All 13 of the Internet's root Domain Name System servers—three of which are located outside the U.S.—were victims of a massive distributed denial-of-service attack on Oct. 21.
"It was the single most elaborate and focused attack on the DNS network that we have ever seen," said Tom Ohlsson, vice president of Matrix NetSystems Inc., an Austin, Texas-based Internet performance monitoring company.
The attack appears to have been an attempt to disrupt the Internet by clogging root DNS servers with useless traffic. The root DNS servers provide the vital translation services needed for converting a Web name such as www.computerworld.com into a corresponding numerical IP address.
But overall Internet service appears to have been largely unscathed, with few major disruptions reported, Ohlsson noted.
That's because most of the information contained in the 13 root DNS servers is cached in redundant and hierarchical fashion across multiple secondary DNS servers.
"On the plus side, this shows that despite all those apocalyptic projections, the Internet is more resilient than people think," said John Pescatore, an analyst at Gartner Inc. in Stamford, Conn. "But it also shows that the basic plumbing of the Internet still has vulnerabilities that need to be addressed or brought up to business-quality levels."
The relatively simply nature of last week's DDOS attack is what made it easy for administrators to detect and choke off the offending traffic in a few hours, analysts said.
But service would have started degrading if the attack had been sustained long enough for the information contained in the secondary DNS caches to start expiring—a process that usually takes from a few hours to about two days, analysts added.

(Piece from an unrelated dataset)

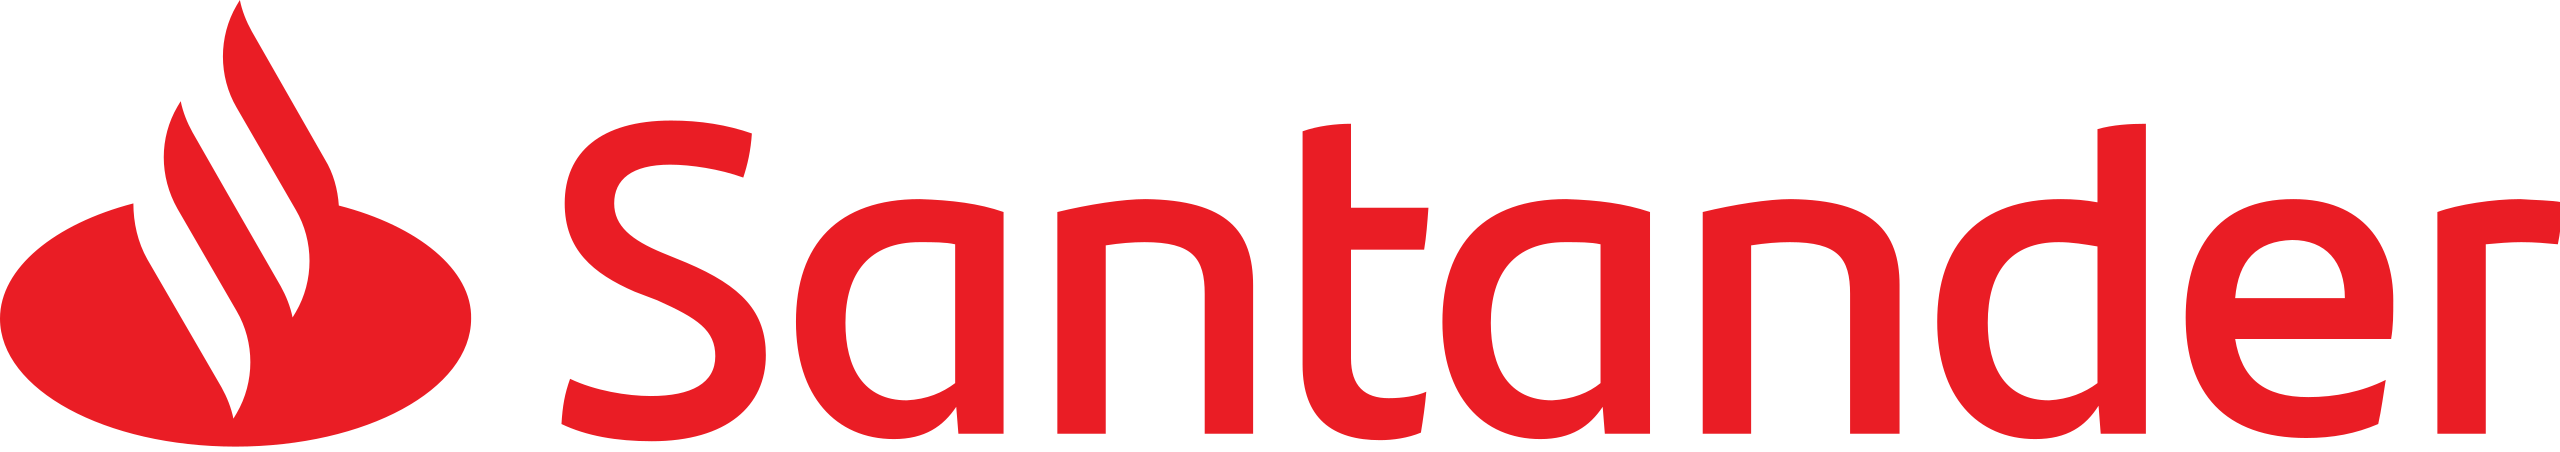 Banco Santander Logotipo.svg

"This wasn't exactly the most sophisticated attack in the world," said Jerry Brady, chief technology officer at Guardent Inc., a security consultancy in Waltham, Mass. "But I've got to believe that this is going to inspire a lot more attacks like this in future."
In a DDOS attack, hackers typically break into and take over thousands of poorly protected networked computers—including those in homes—and use such "zombies" to send torrents of useless data at target servers or networks.

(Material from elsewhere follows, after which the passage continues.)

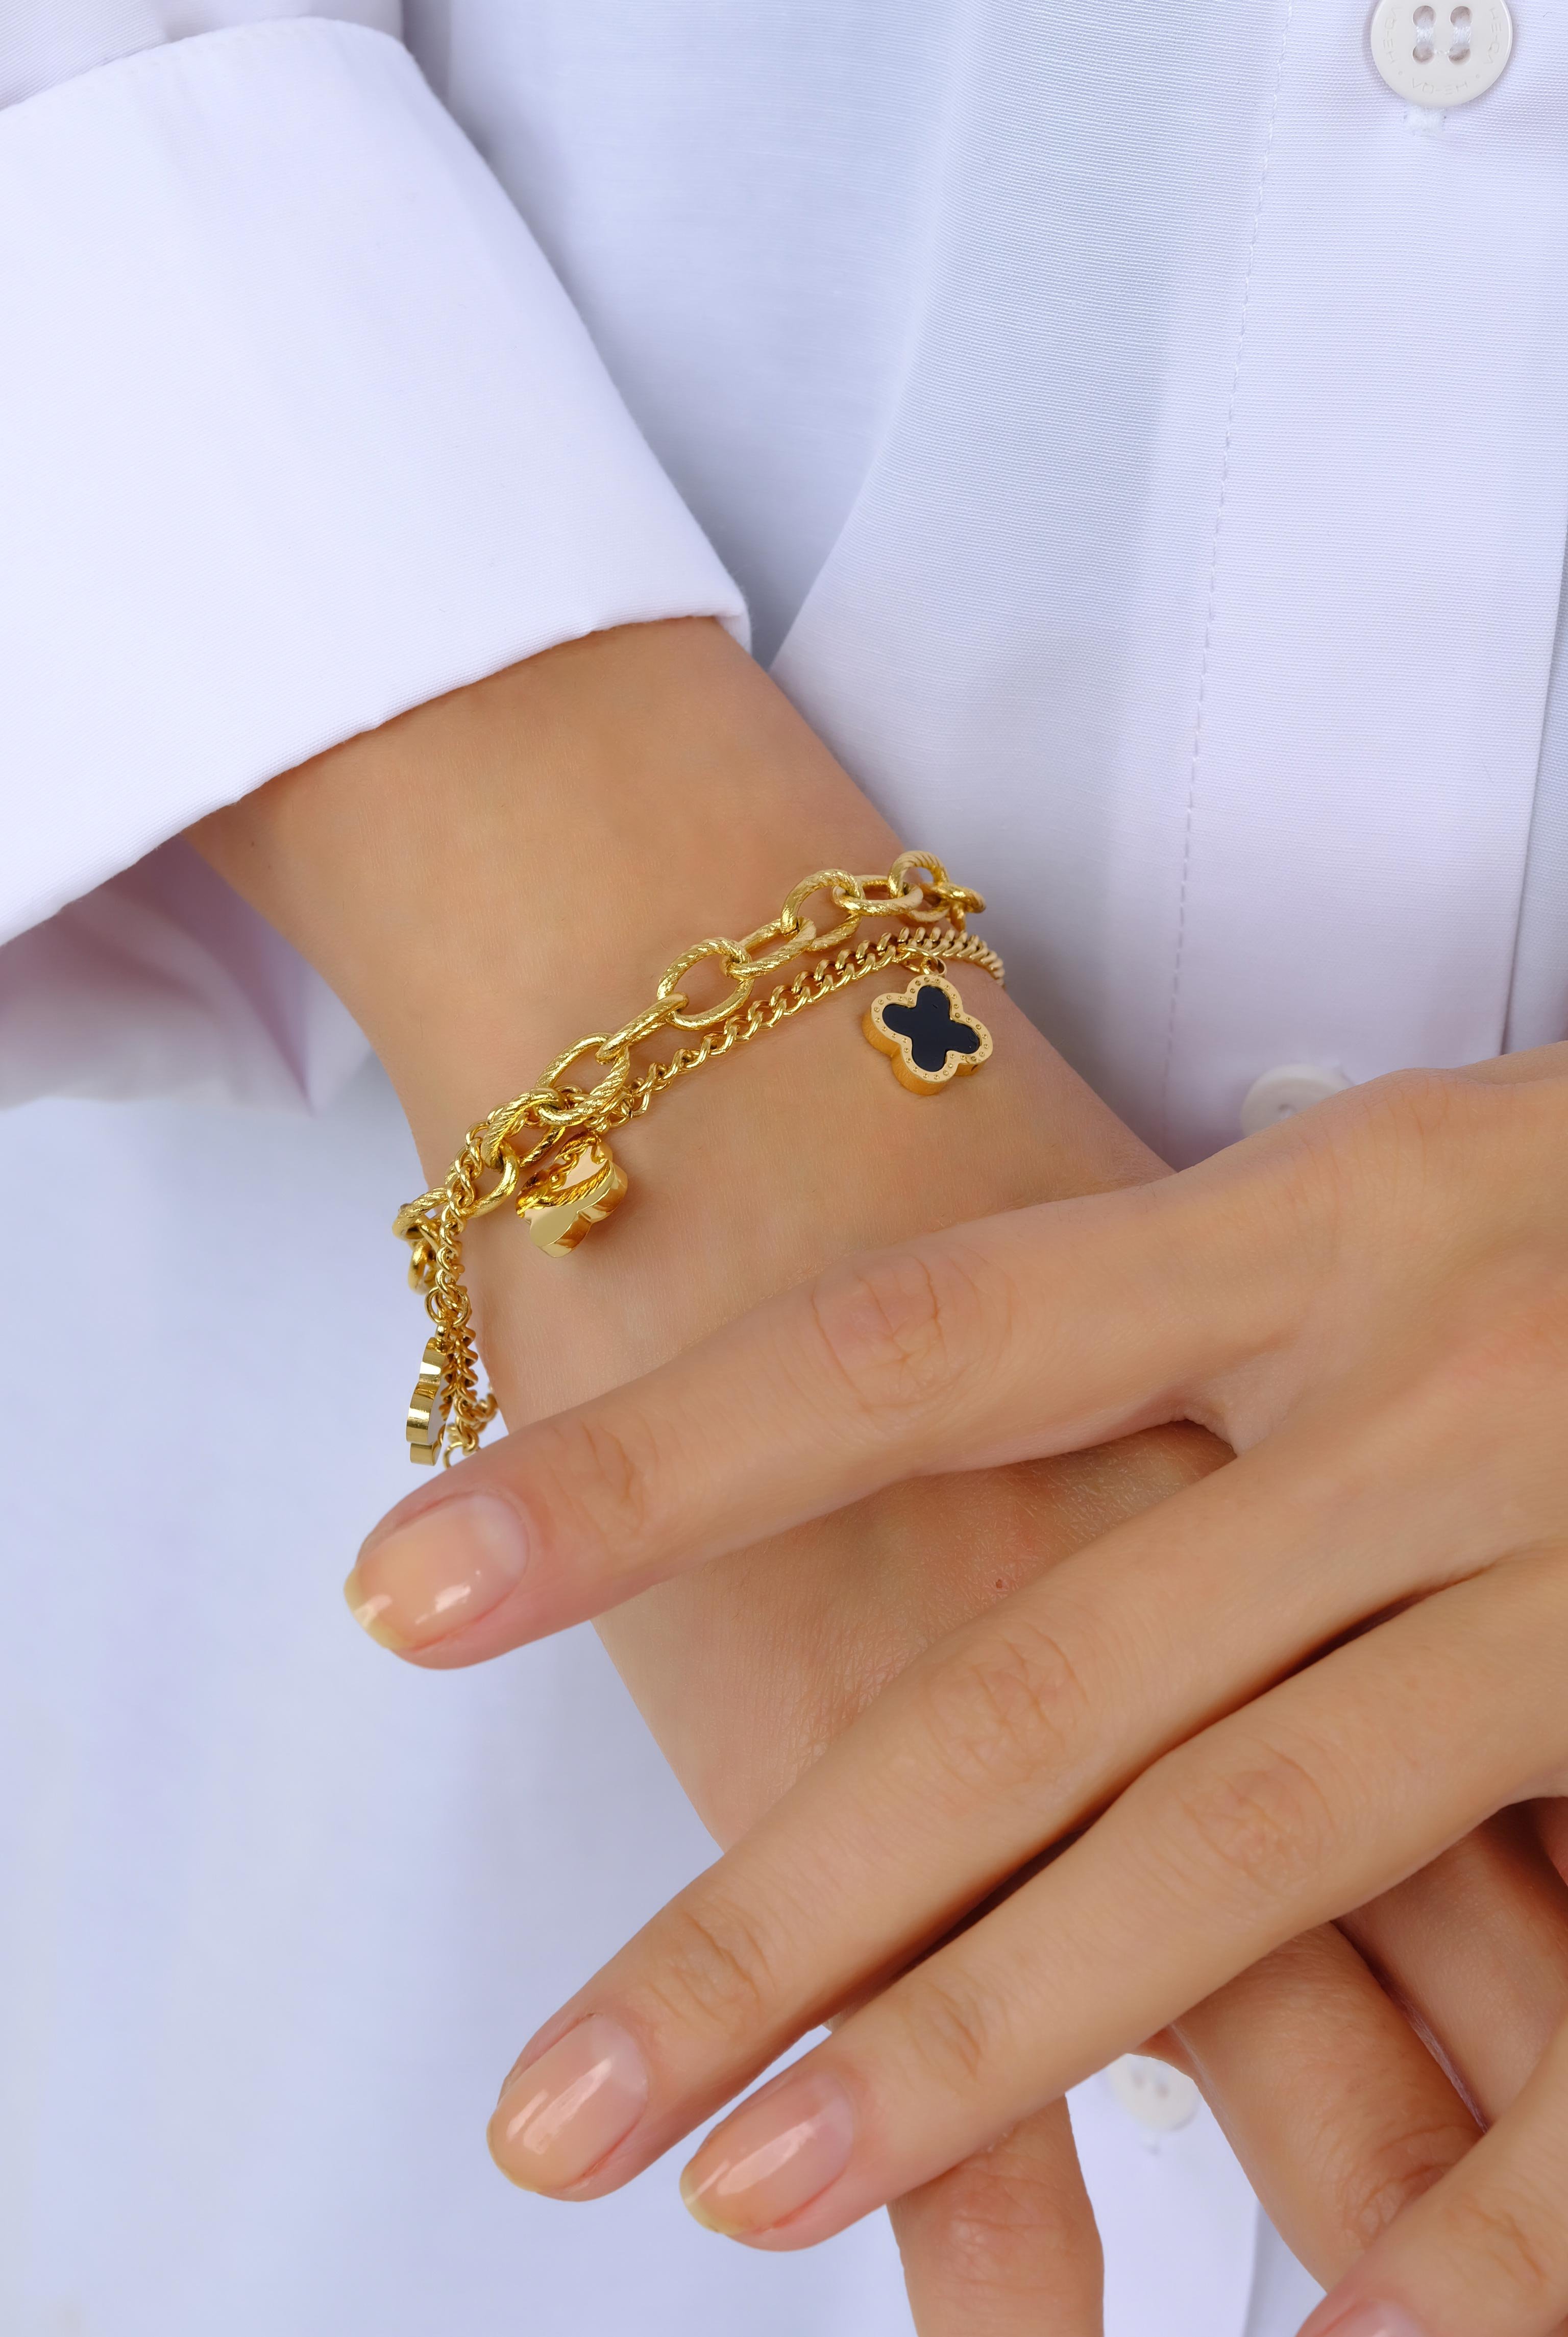 Gold Bracelet With Black Clover

"It is the electronic equivalent of somehow getting 50,000 phones to dial 911 at the same time," said Mark D. Rasch, former head of the U.S. Department of Justice's computer crimes unit and currently senior vice president and chief security counsel at Solutionary Inc.
The Internet Corporation for Assigned Names and Numbers (ICANN), the private group that's charged with ensuring the stability and security of the DNS, will discuss methods for improving DNS security at its annual meeting next week in Shanghai.
Among the fixes ICANN will be looking at is deploying the DNS Security protocol to improve data origin authentication, said Stephen Crocker, an Internet pioneer and computer scientist who heads the ICANN security committee.
The more daunting problem is improving the security of PCs sold without any security protections. "It's a public nuisance issue," Crocker said.
And DNS servers aren't the only component of core Internet infrastructure that can be taken down by such attacks, analysts say. For instance, an attack directed against a few well-selected Border Gateway Protocol routers—which are used to exchange routing information for the Internet—could cause large portions of traffic to be misdirected at will, said Ted Julian, president of Arbor Networks Inc., a Lexington, Mass.-based vendor of DDOS prevention tools.
Last week's attacks "represent an important escalation of these kinds of threats," Julian said. "DDOS is no longer being targeted at single Web sites, but at the entire Internet infrastructure."